- _TASK DIRECTIONS_
Would you reproduce exactly the lines below from the one holding "HEX #BCA8A3 Berry" through the one holding "Na zdjęciu widać", inclusive, and no others?

- _MATERIAL FOR THE TASK_
=== Section Start ===

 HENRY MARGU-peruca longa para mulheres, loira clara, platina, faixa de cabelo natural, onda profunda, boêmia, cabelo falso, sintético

=== Section End ===
=== Section Start ===

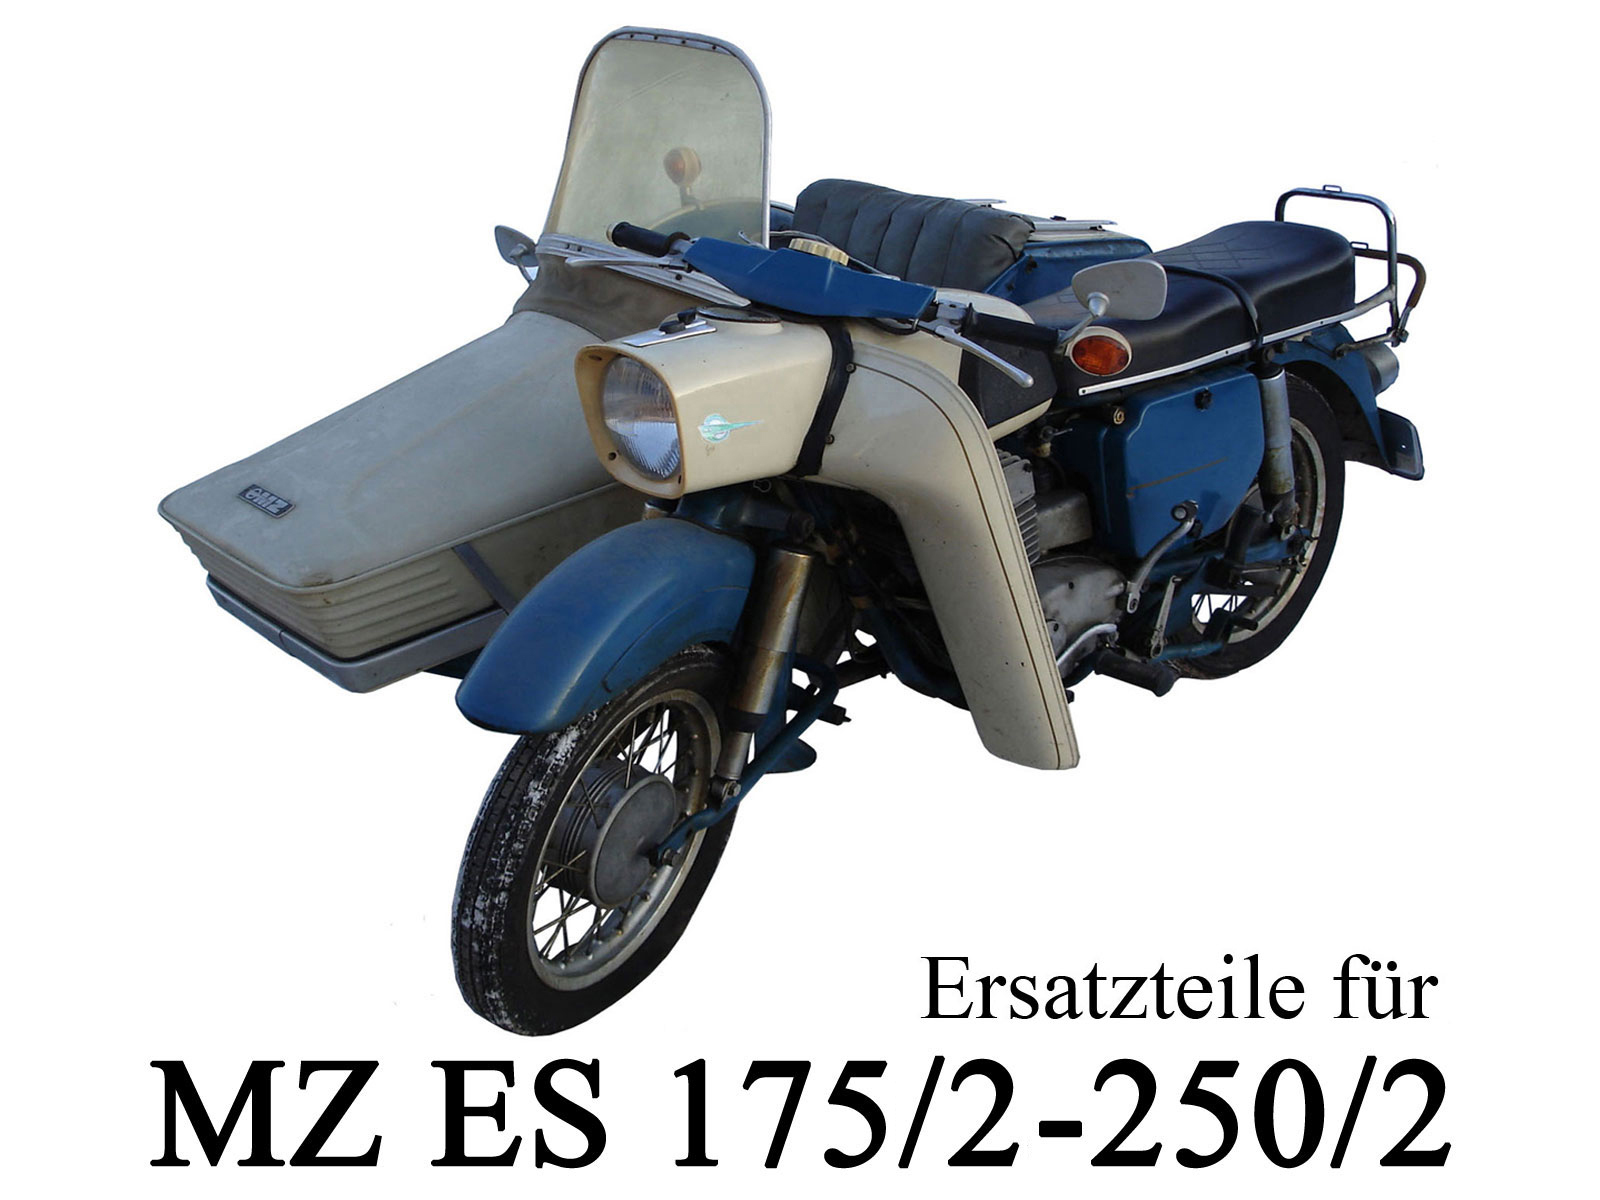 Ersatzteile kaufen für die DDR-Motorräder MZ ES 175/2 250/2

=== Section End ===
=== Section Start ===

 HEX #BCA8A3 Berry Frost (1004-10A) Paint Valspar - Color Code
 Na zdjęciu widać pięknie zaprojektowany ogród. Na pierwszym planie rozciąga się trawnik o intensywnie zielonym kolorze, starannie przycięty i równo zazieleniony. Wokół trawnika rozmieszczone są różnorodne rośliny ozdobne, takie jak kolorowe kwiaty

=== Section End ===

- _THE COMPLETED TASK_
 HEX #BCA8A3 Berry Frost (1004-10A) Paint Valspar - Color Code
 Na zdjęciu widać pięknie zaprojektowany ogród. Na pierwszym planie rozciąga się trawnik o intensywnie zielonym kolorze, starannie przycięty i równo zazieleniony. Wokół trawnika rozmieszczone są różnorodne rośliny ozdobne, takie jak kolorowe kwiaty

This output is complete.